For now, I'll define one top-level Ruby module named GenX and a
single class, Writer, that lives in it. That class is simply a
thin wrapper around the C-level genxWriter type. Here's the next
iteration of genx4r.c:
#include "ruby.h"
#include "genx.h"
static VALUE rb_mGenX;
static VALUE rb_cGenXWriter;
static void
writer_mark (genxWriter w)
{}
static void
writer_free (genxWriter w)
{
genxDispose (w);
}
static VALUE
writer_allocate (VALUE klass)
{
genxWriter writer = genxNew (NULL, NULL, NULL);
return Data_Wrap_Struct (klass, writer_mark, writer_free, writer);
}
void
Init_genx4r ()
{
rb_mGenX = rb_define_module ("GenX");
rb_cGenXWriter = rb_define_class_under (rb_mGenX, "Writer", rb_cObject);
/* NOTE: this only works in ruby 1.8.x. for ruby 1.6.x you instead define
* a 'new' method, which does much the same thing as this. */
rb_define_alloc_func (rb_cGenXWriter, writer_allocate);
}
That's a lot of new code. First comes the #include of
genx.h, because it needs to use functions defined by GenX. The two
VALUE variables represent the module and the class. Each object in
Ruby (and remember, everything in Ruby is an object) has a
VALUE; think of it as a reference to the object. The beginning of
Init_genx4r initializes these variables by calling
rb_define_module to create the GenX module and
rb_define_class_under to define the Writer class.
Next, Ruby needs to know how to allocate the guts of the
GenX::Writer object. That's where allocate comes in,
using rb_define_alloc_func to associate the
writer_allocate function with the allocate method.
writer_allocate creates a genxWriter object with
genxNew and turns it into a Ruby object via the
Data_Wrap_Struct macro. Data_Wrap_Struct simply
takes a VALUE representing the class of the new object (passed as
an argument to writer_allocate), two function pointers used for
Ruby's mark-and-sweep garbage collection, and a pointer to the underlying C-level data structure--in this case the genxWriter itself--and
returns a new VALUE that refers to the object, which is simply a
thin wrapper around the C-level pointer. Finally, the code has the mark
function for the object, writer_mark, which actually does nothing,
and the destructor, writer_free, which calls
genxDispose to clean up the genxWriter allocated in
writer_allocate. When wrapping a more complicated structure that
includes references to other Ruby-level objects, the mark function must call
rb_gc_mark on each of them to tell Ruby when nothing references them any longer and they are ready for garbage collection.

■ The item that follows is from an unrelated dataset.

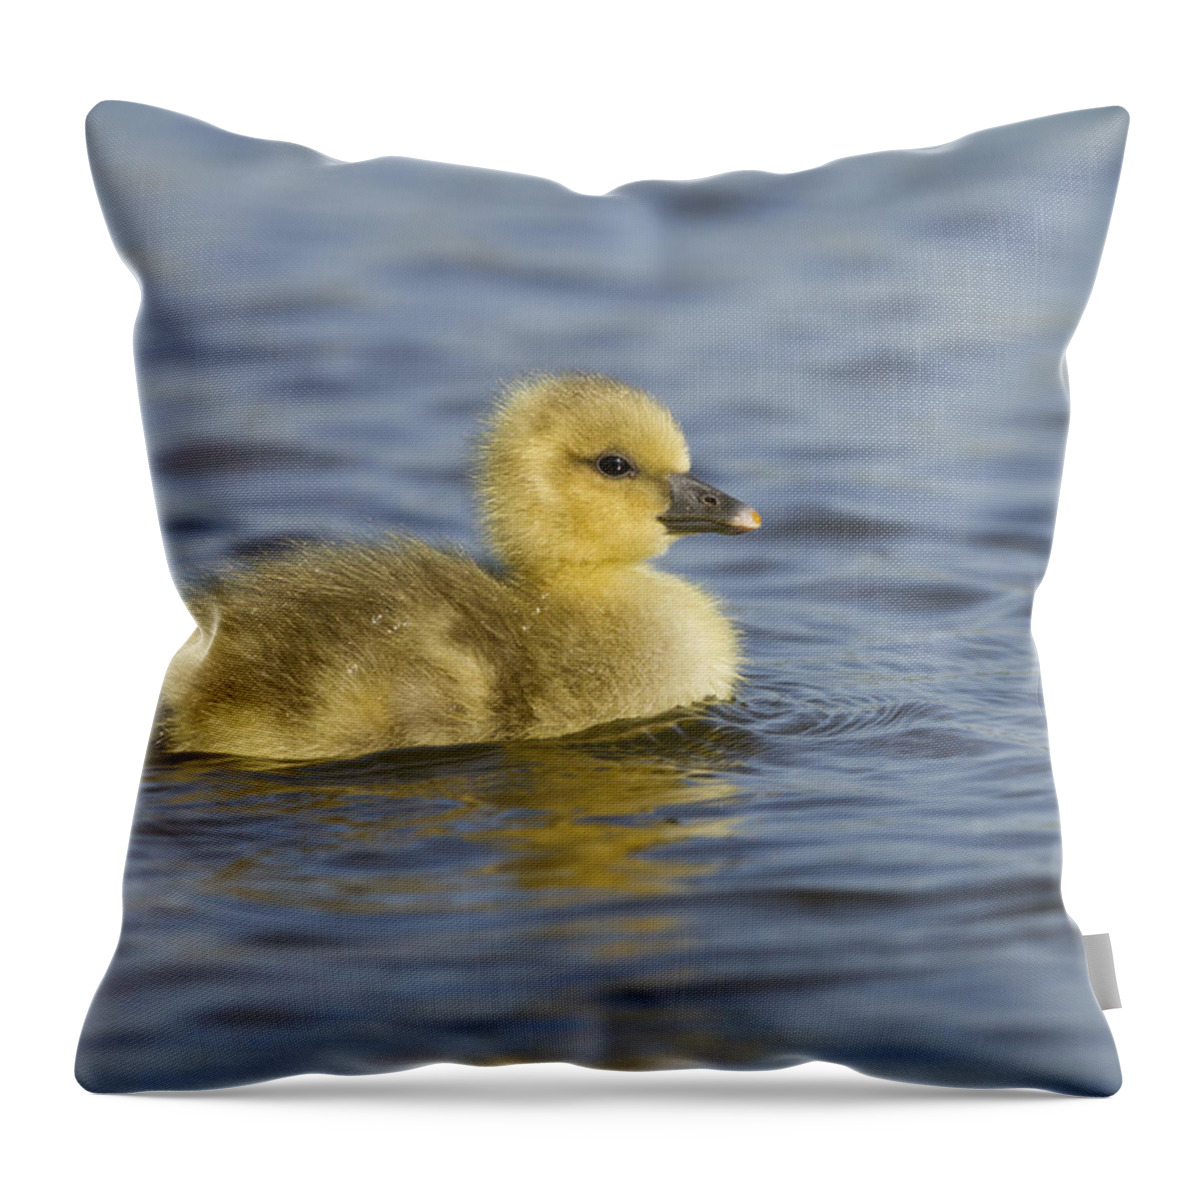 Nis Throw Pillow featuring the photograph Greylag Goose Gosling Zeeland by Sytze Jongma

One thing to note about genx4r.c is that the only function
accessible outside that file is Init_genx4r. Everything else is
static, which means that it won't leak out into the global
namespace and cause linkage errors if some other part of the program happens to
use the same function or variable name.
It's time to take a quick jaunt through irb to confirm that
it's possible to create an instance of the new class:
$ irb
irb(main):001:0> require 'genx4r'
=> true
irb(main):002:0> w = GenX::Writer.new
=> #<GenX::Writer:0x321f84>
irb(main):003:0>
Sure enough, it's an instance of our new GenX::Writer class.
Adding a few methods will make it actually useful!